> _Collected data_
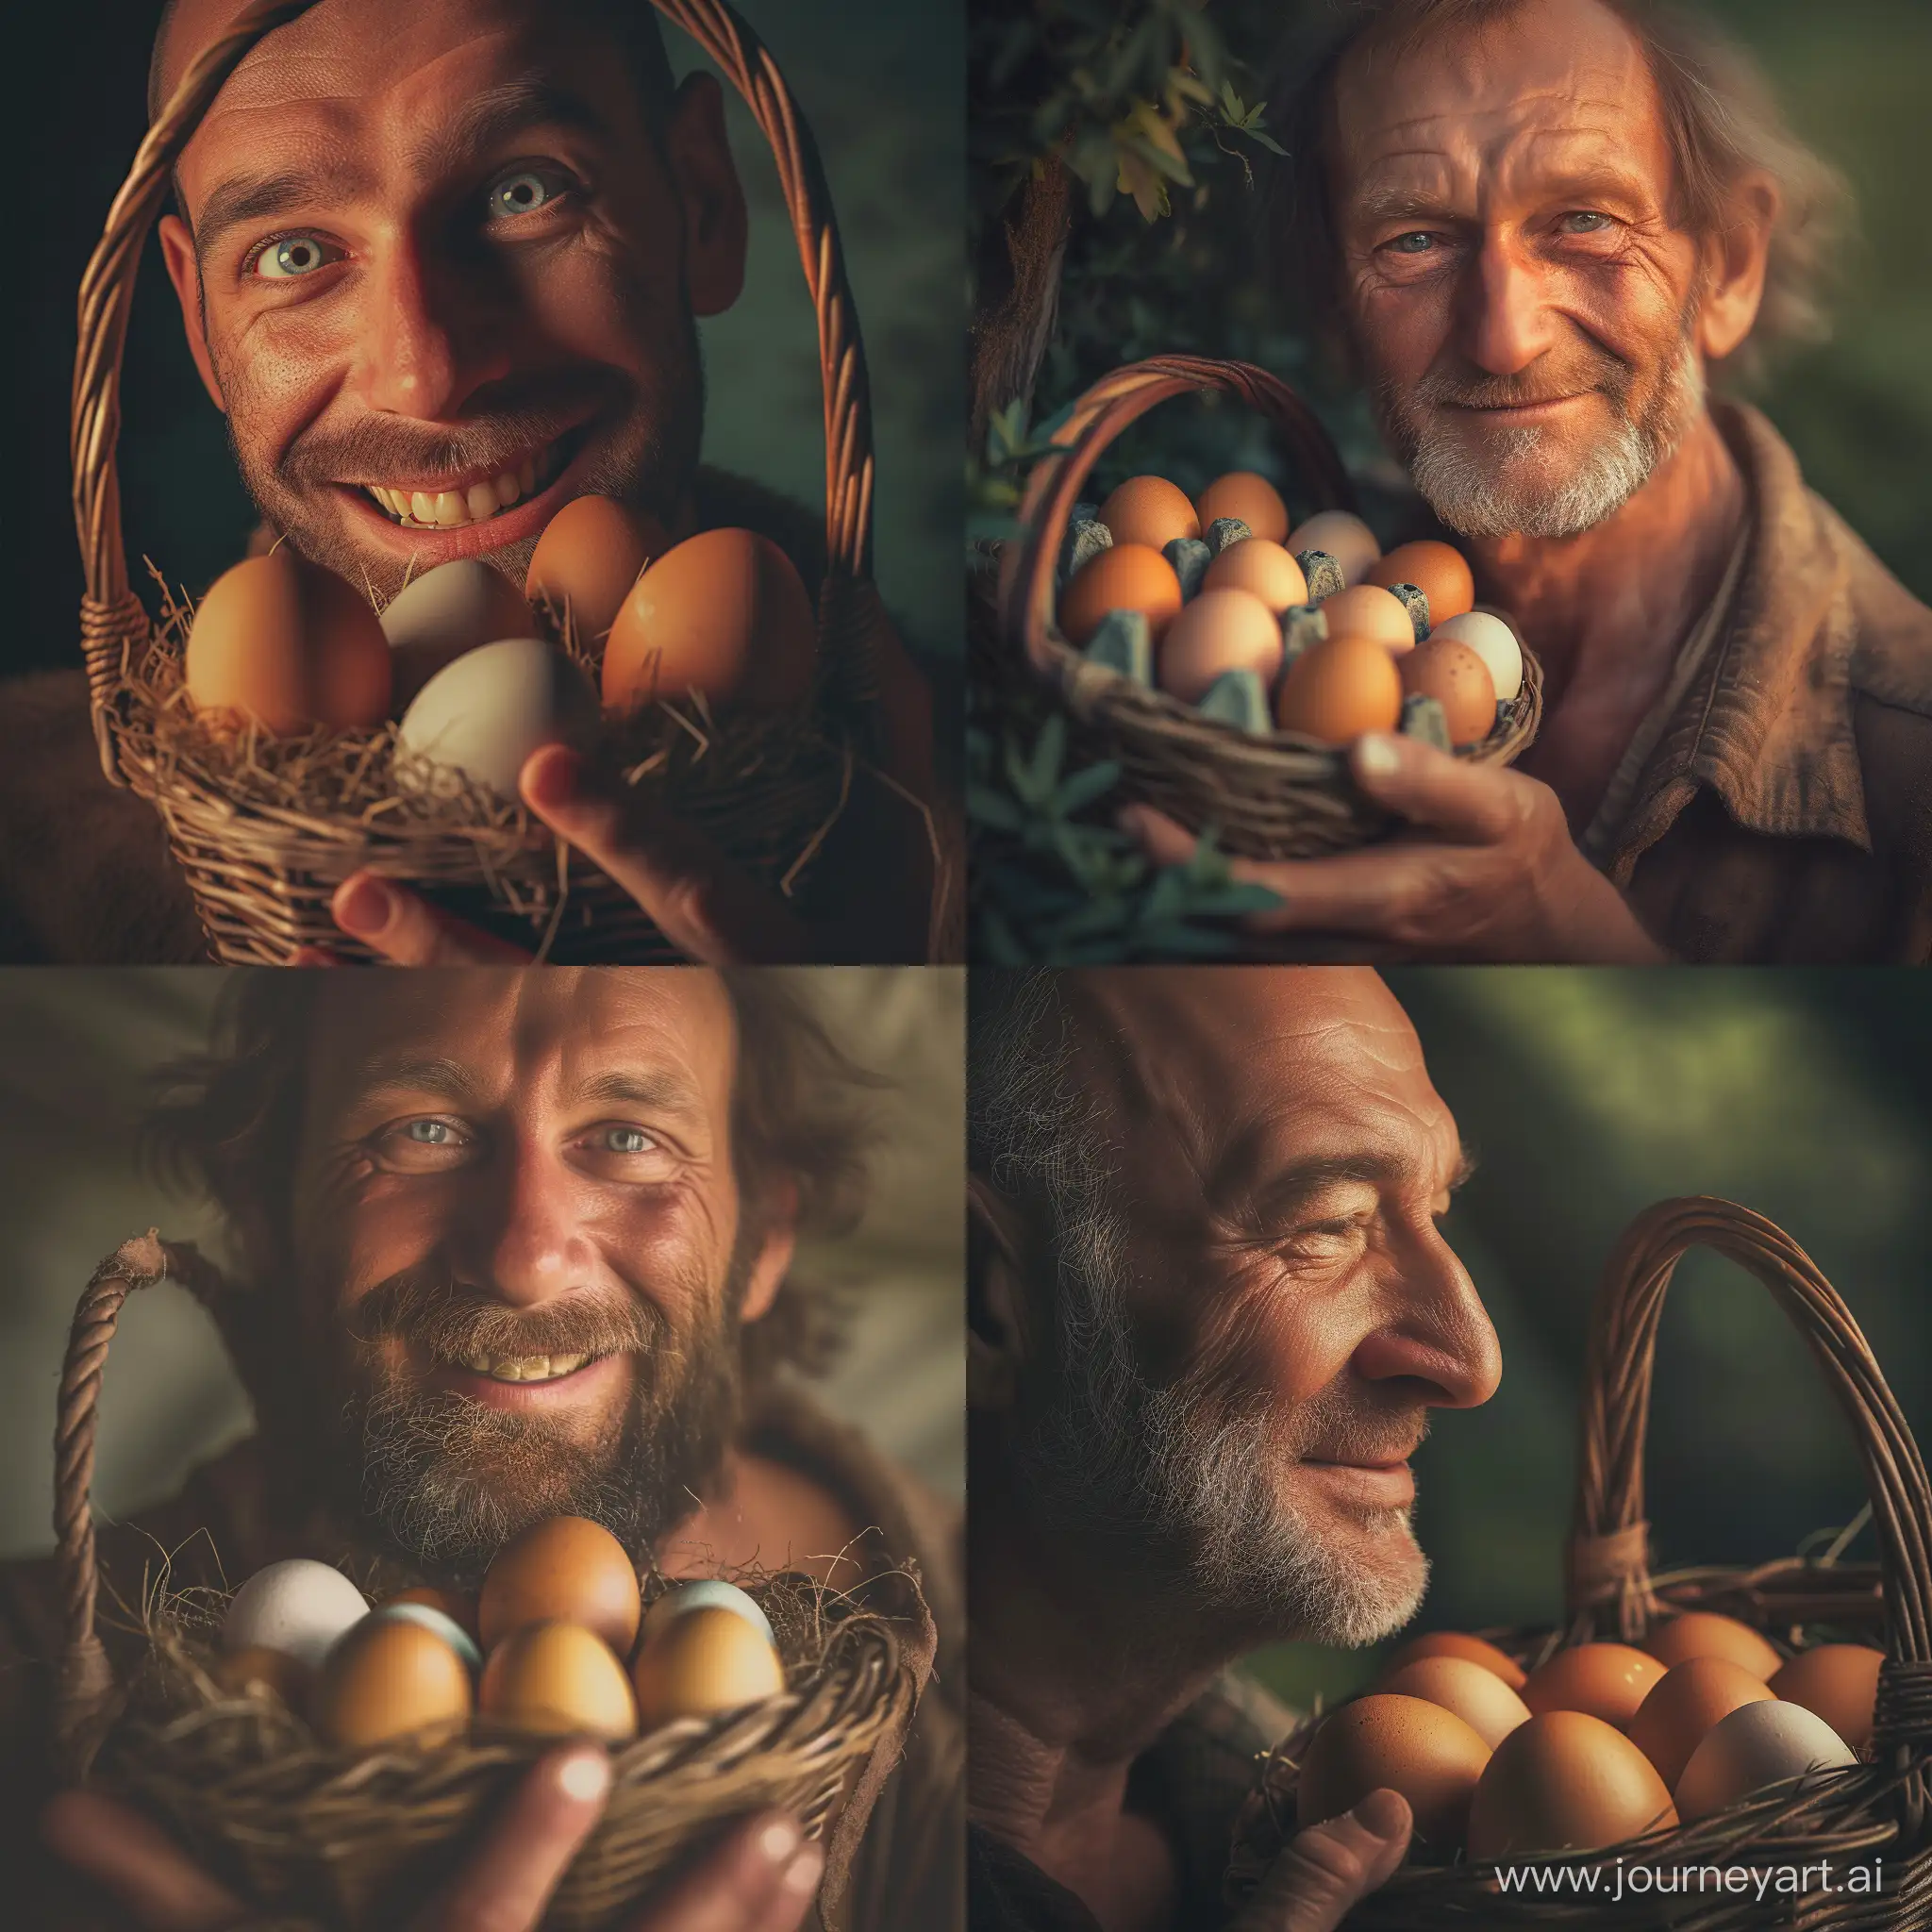 A real man with a kind face and a beautiful smile,
A basket of eggs in the man's hand,
Full details of the man's face and the egg basket,
Egg basket in the middle of the picture, hyperdetailed photography, soft light, summer time, telephoto lens, atmospheric, hyper realistic, 8k, cinematic,

> _Work order_
Reproduce everything above exactly, images excluded.

> _Response box_
 A real man with a kind face and a beautiful smile,
A basket of eggs in the man's hand,
Full details of the man's face and the egg basket,
Egg basket in the middle of the picture, hyperdetailed photography, soft light, summer time, telephoto lens, atmospheric, hyper realistic, 8k, cinematic,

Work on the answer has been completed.